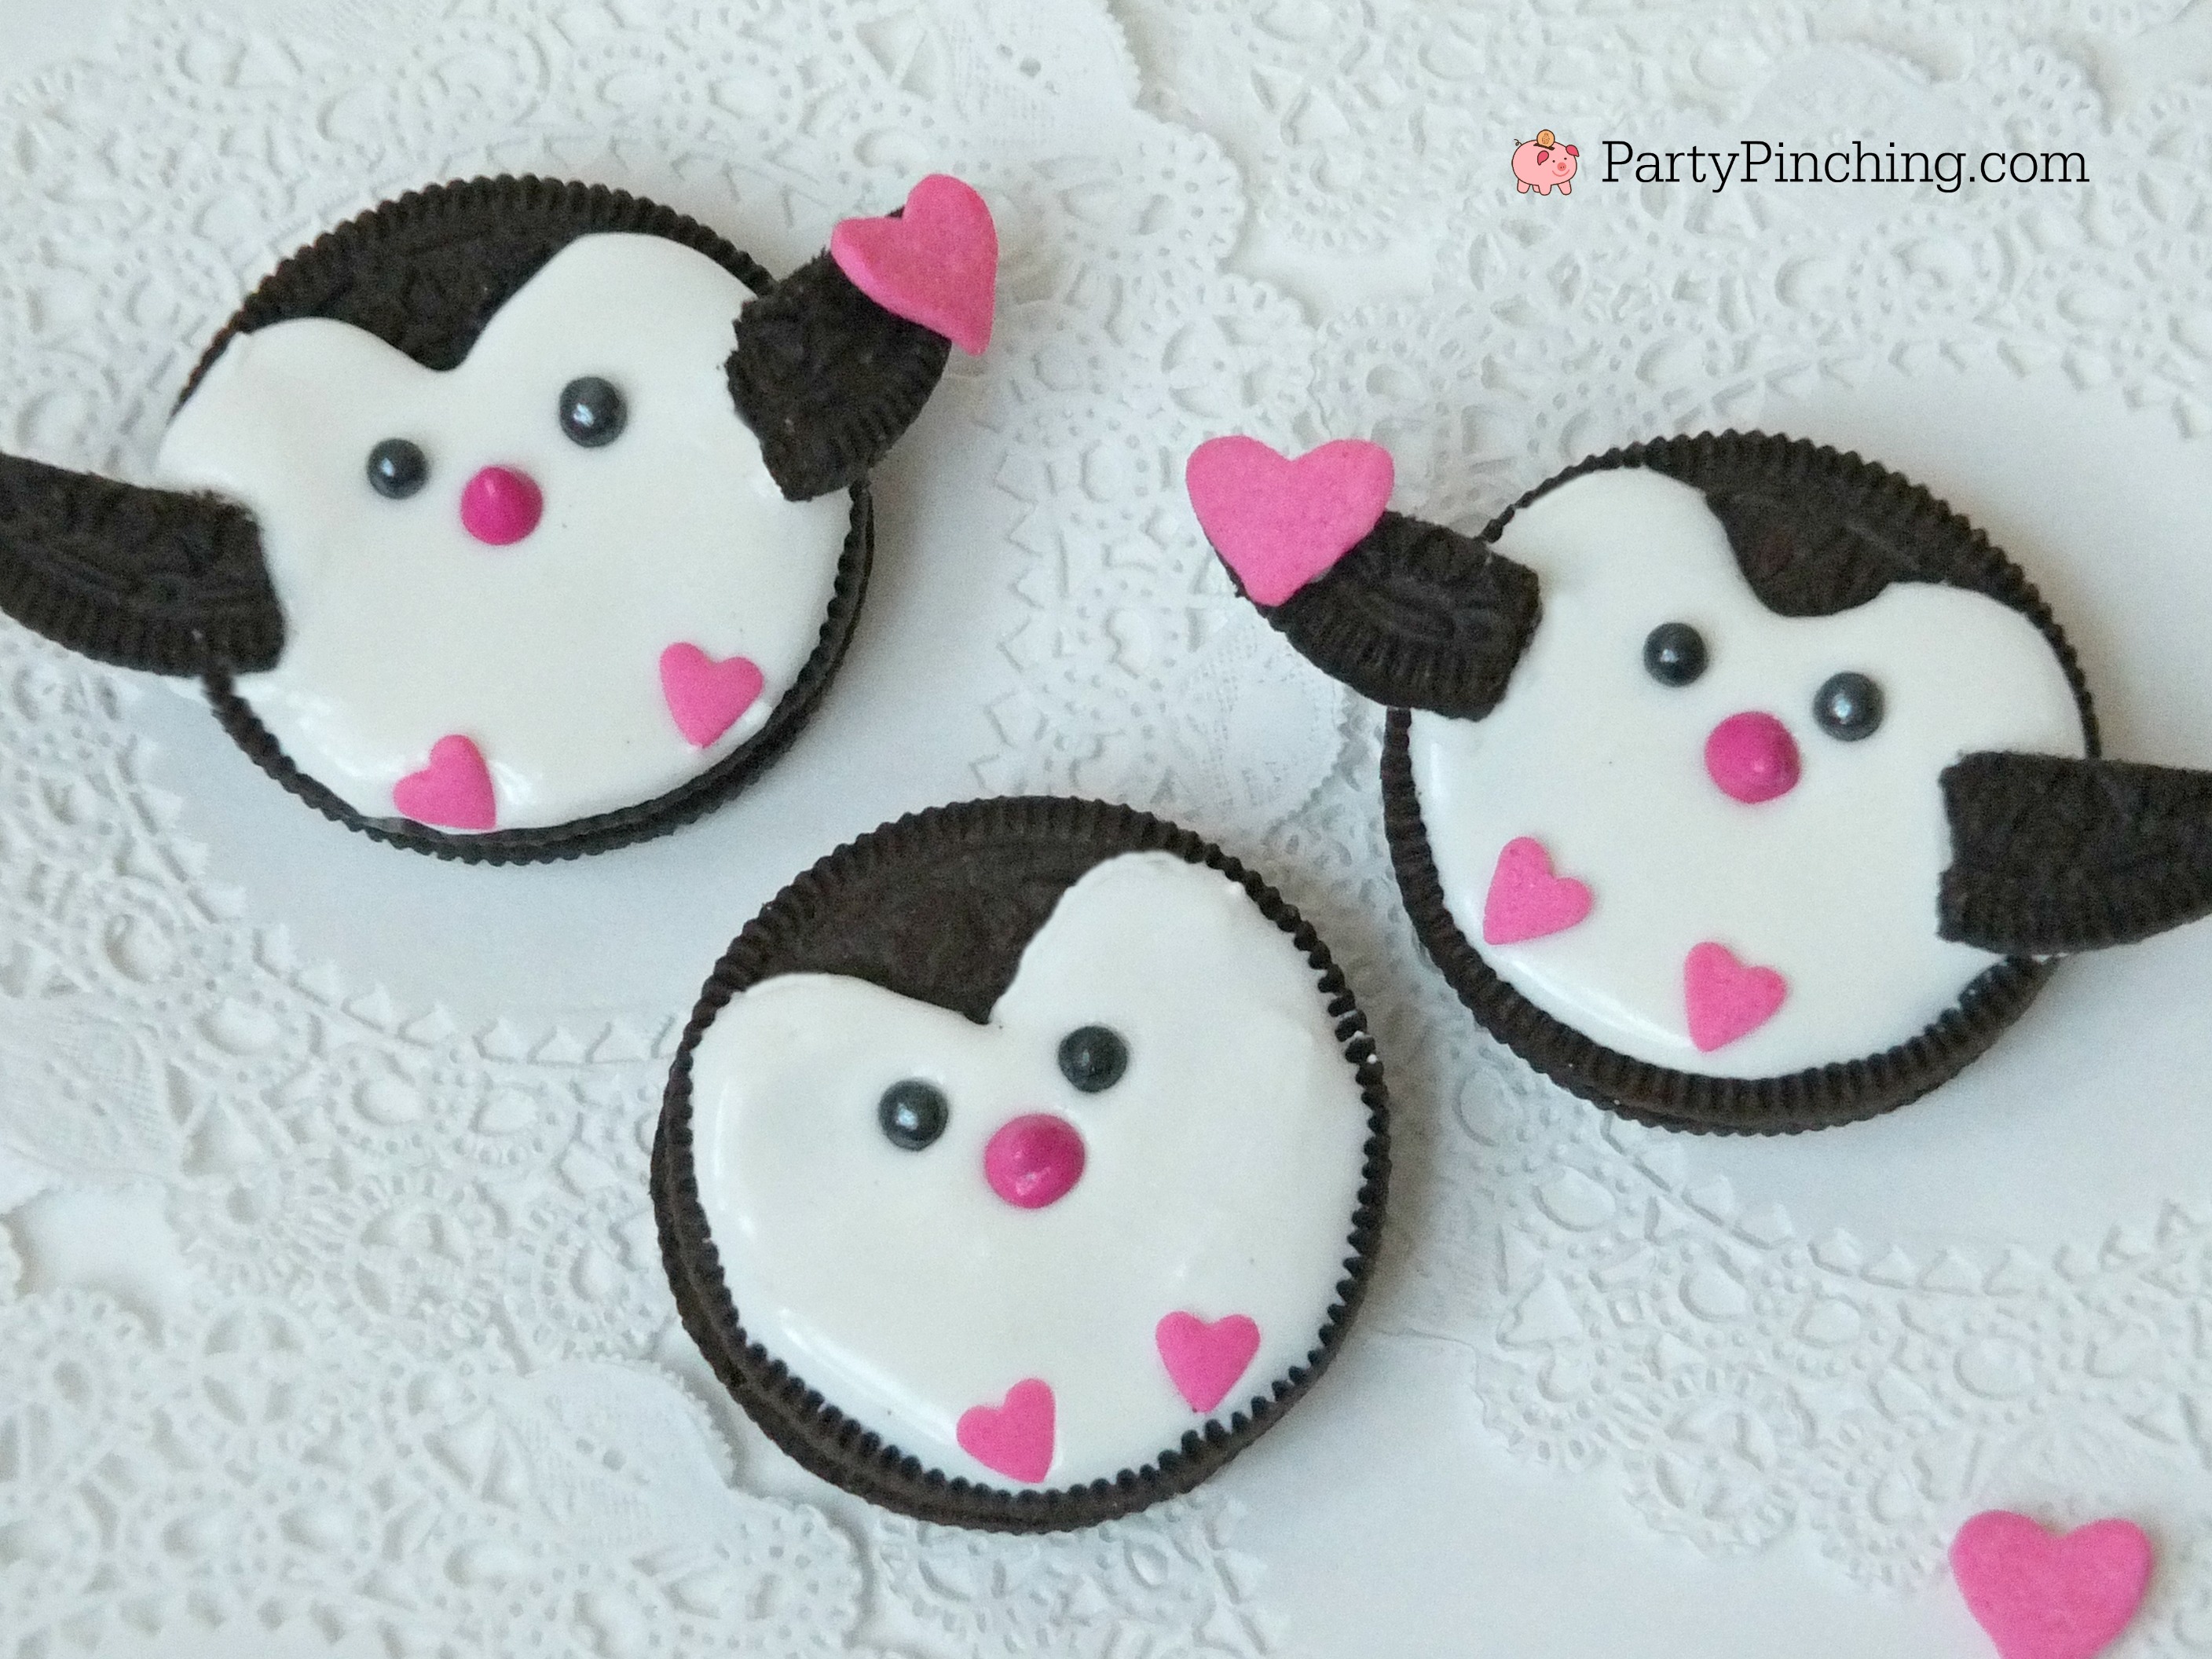 Penguin Oreo Cookies, cute Valentine's Day cookies, Oreo Penguin cookies, easy Valentine cookie ideas for kids, sweet treats for Valentine's day party class party food, fun food penguins
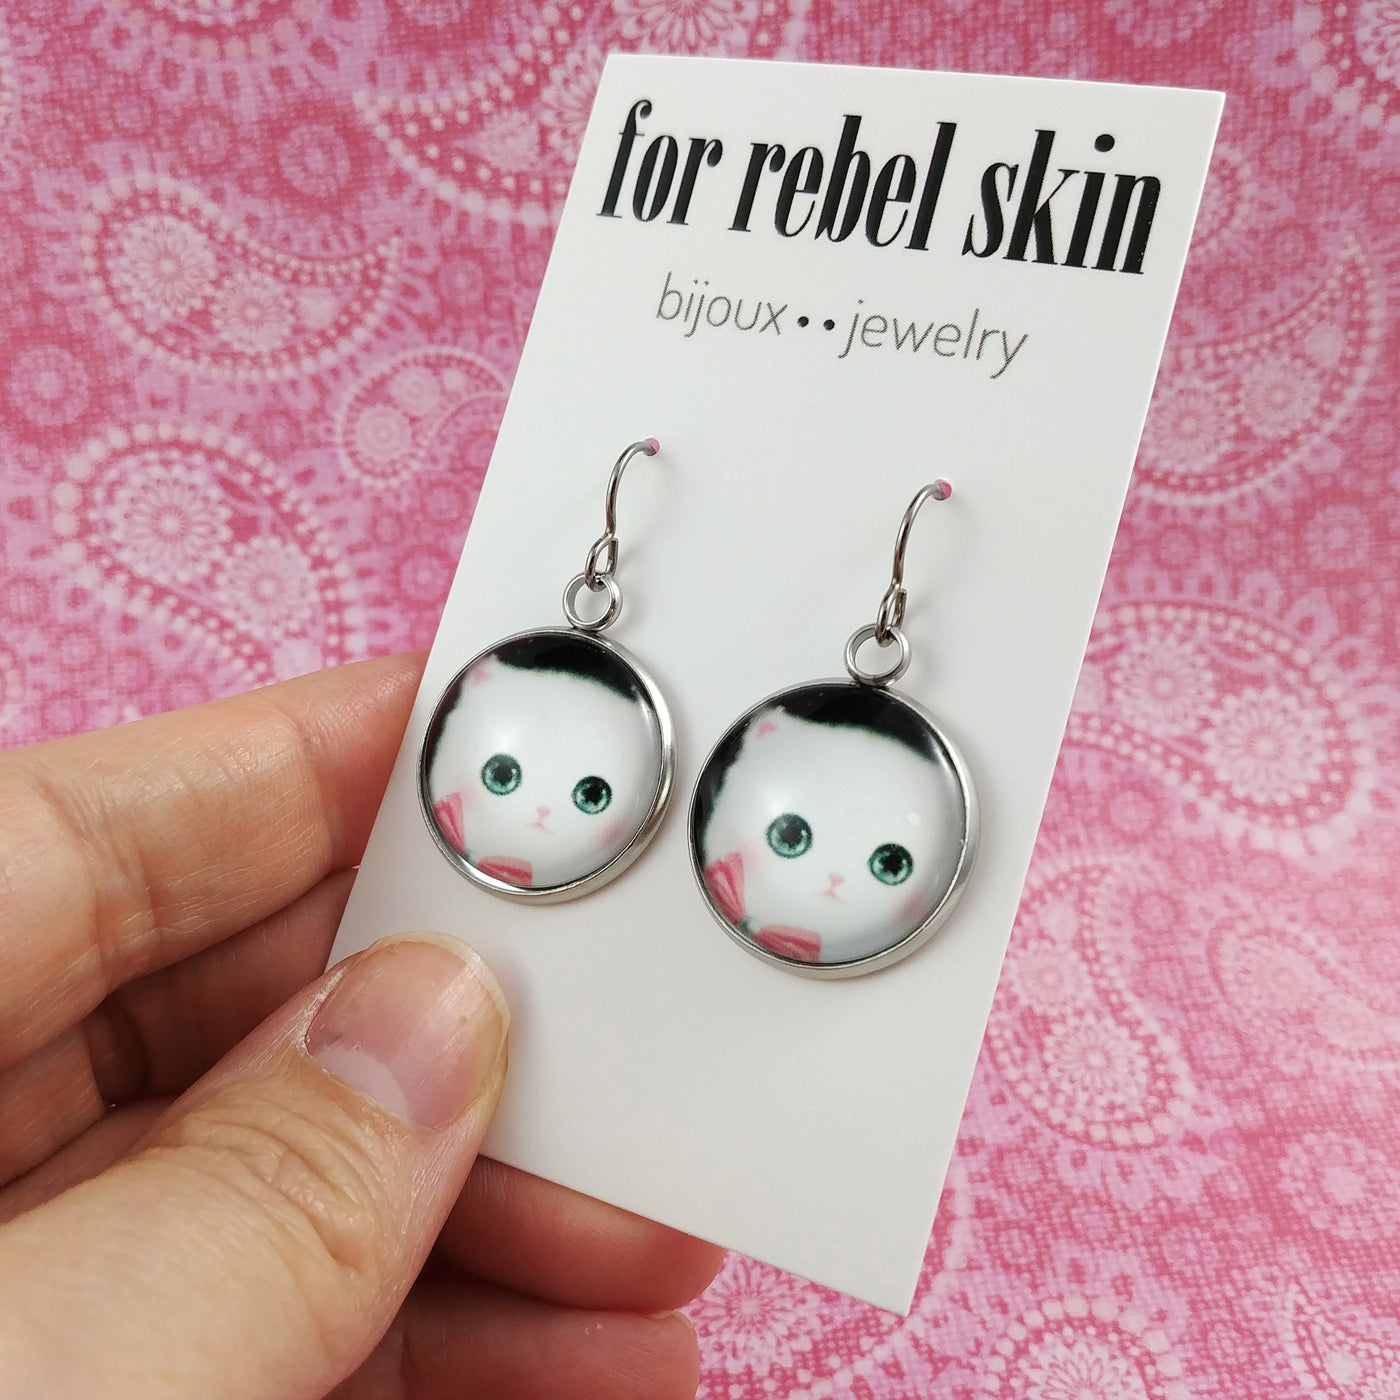 Kitty dangle earrings - Hypoallergenic pure titanium, stainless steel and glass jewelry
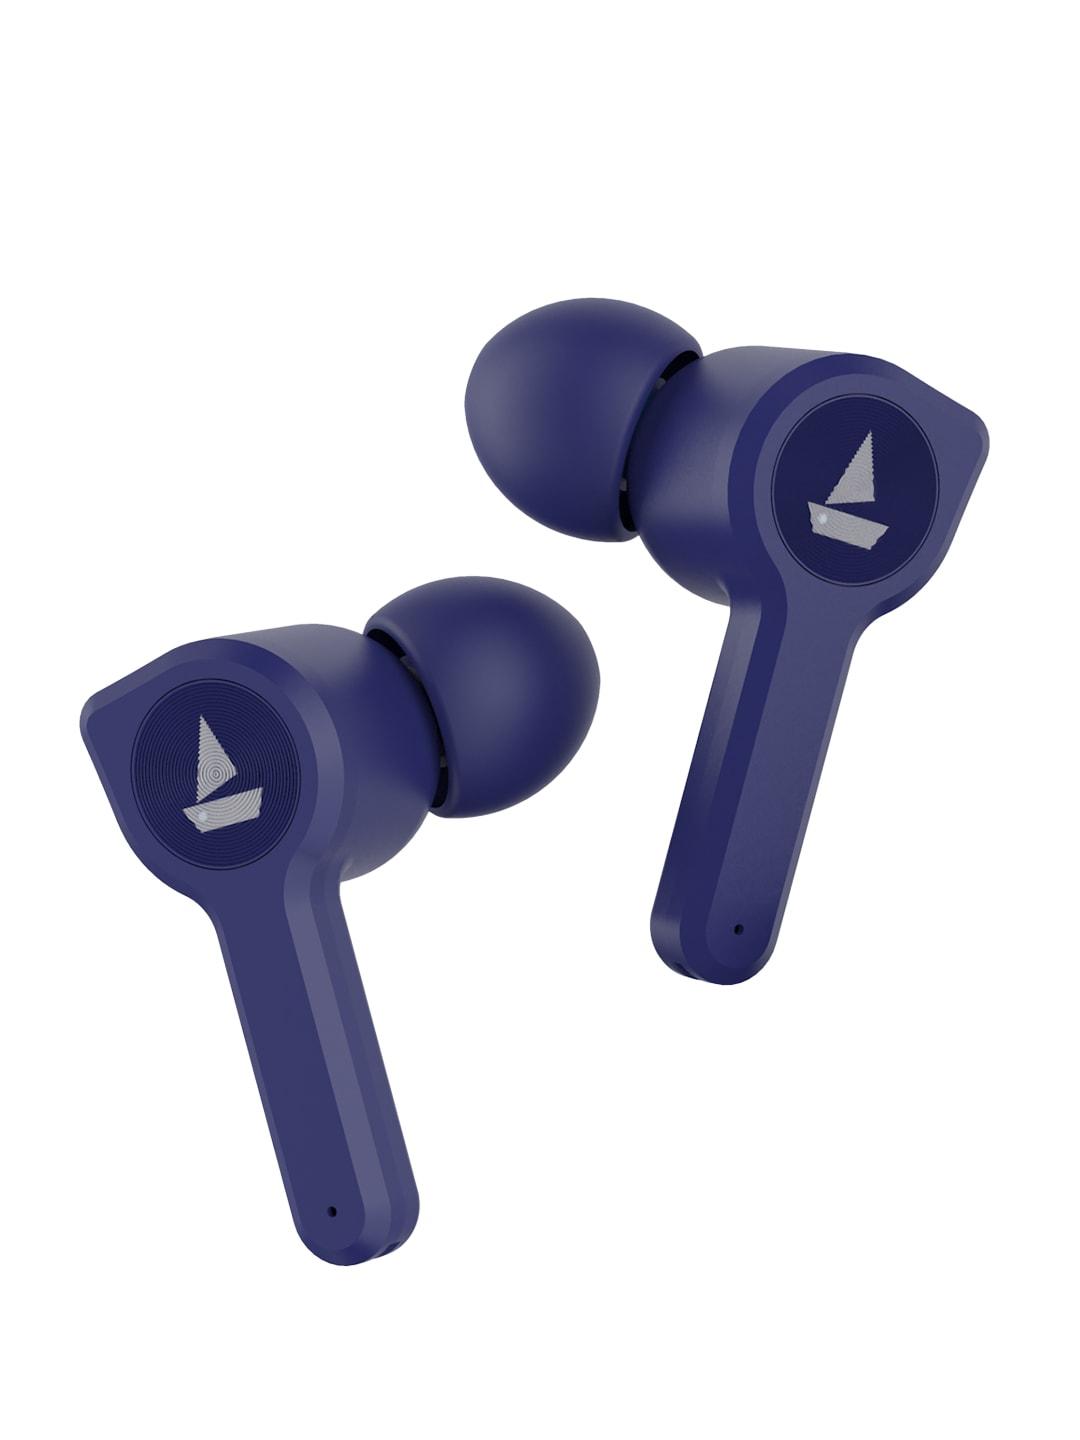 boat airdopes 402 m tws bold blue earbuds with touch controls immersive audio

####

• **Work task**
Beginning with the line in which "Kitty dangle earrings" appears, repeat exactly each line down to the close of the material, leaving every picture out.

• **Written response**
 Kitty dangle earrings - Hypoallergenic pure titanium, stainless steel and glass jewelry
 boat airdopes 402 m tws bold blue earbuds with touch controls immersive audio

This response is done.